Having a working MCP server is only half the battle. You still need users to add it to their tools. This is where we see the paint is still fresh regarding MCP support. Different AI tools handle MCP server configuration in very different ways:

  • Cursor and VS Code have the best implementation. They both support one-click installation via deeplinks: we generate a URL that encodes the MCP server configuration as a hash, and clicking it automatically adds the server to the IDE. That’s what the “Add to Cursor” and “Add to VS Code” buttons in our docs do. Easy!
  • Claude and ChatGPT support MCP servers through their connector settings, but require users to manually enter the server URL. It’s a handful of clicks, not one, and users need to know where to look.

Most of the other tools use a configuration file, usually named mcp.json or something similar, where you define your MCP servers as JSON.

To ensure we provide developers with an easy way to add the MCP server, regardless of the tool they’re using, quick setup links have been added to the API docs.

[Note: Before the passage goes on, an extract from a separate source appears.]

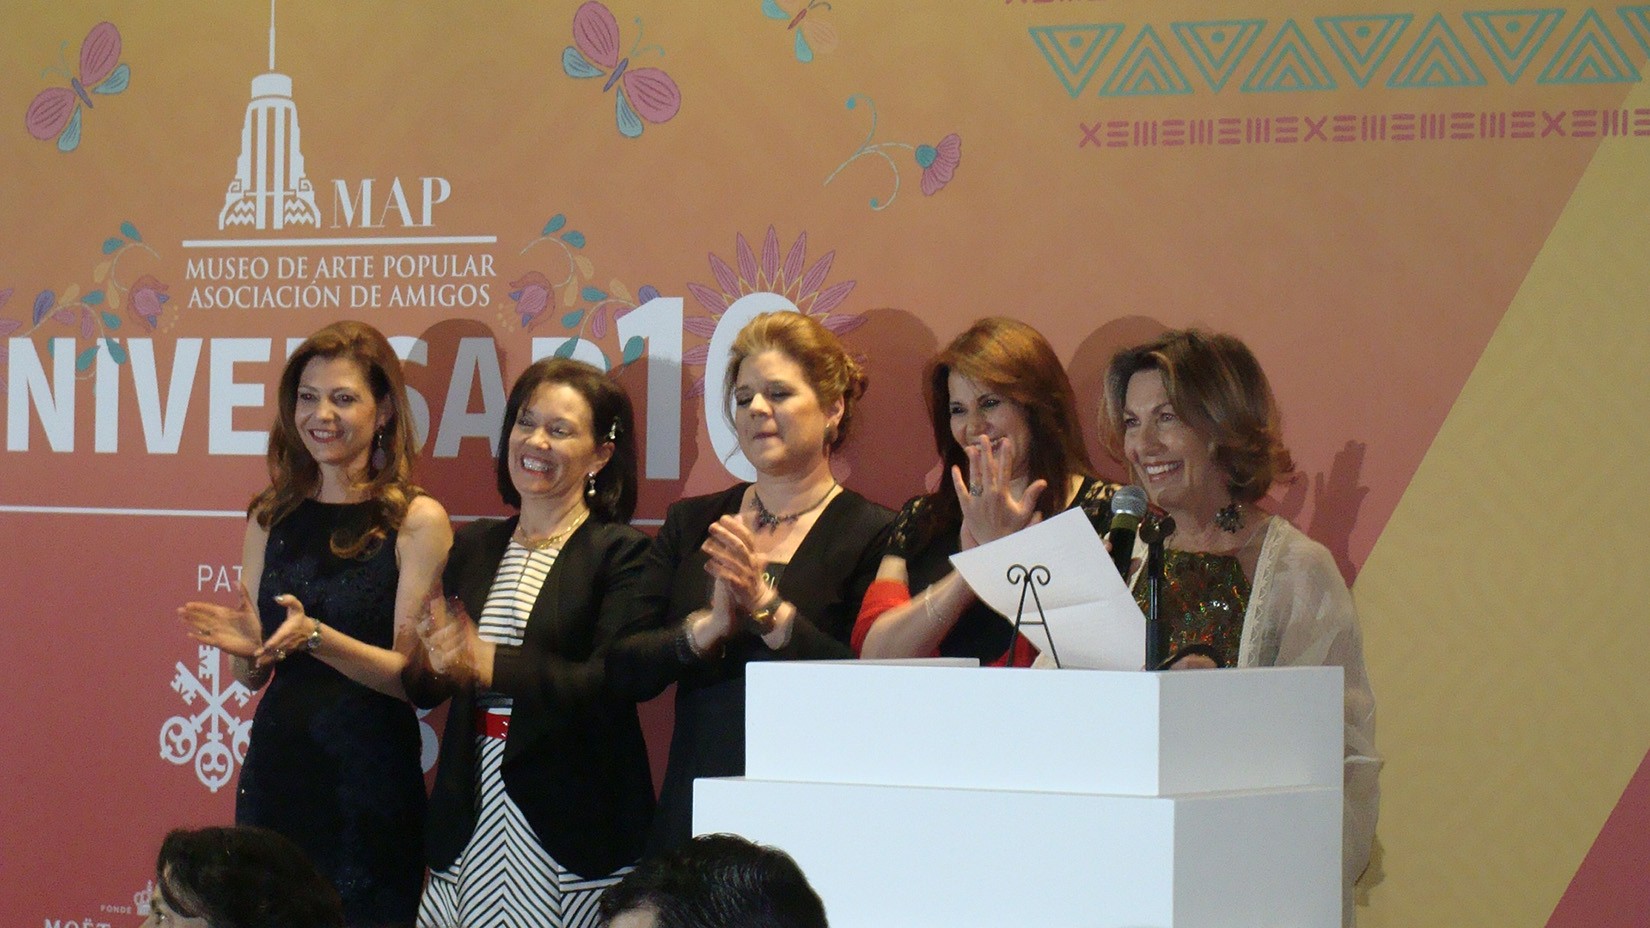 Fernanda Suárez, Cecilia Moctezuma, Sonya Santos, María Esther Villar y Marie Thérèse Hermand de Arango en la cena del Décimo Aniversario del MAP. (Foto: AmigosMAP).

Ask AI dropdown in Bump.sh API docs

Our target audience is developers, so that initial friction shouldn’t have much of an impact on doc MCP servers. The ones meant for less technical profiles are another story. Discussions with clients using our MCP Platform show that providing an AI chatbot using MCP servers under the hood is probably the best solution. Customers get a tailored experience inside a product they are already used to. Old-fashioned dashboards and conversational UIs are probably meant to live together, at least for a while.

What we learned

Some things stood out from this project:

  • Designing for AI tools forces better API design. The discipline of asking “what does an AI tool actually need?” pushed us to be much more deliberate about response structure, payload size, and semantic clarity.
  • Eating your own dog food is underrated. We went from “this is our platform for customers” to “we’re running the same stack ourselves” in a way that immediately surfaced real friction points we hadn’t noticed. We fixed several things in the Flower spec based on the experience of being our own user.

What’s next

The docs MCP server is currently available for public documentation portals. Support for private documentation is on the roadmap. For now, every public API documentation hosted on Bump.sh has an MCP server available at {doc-or-hub-url}/mcp. If you’re building with AI tools, it’s one click away.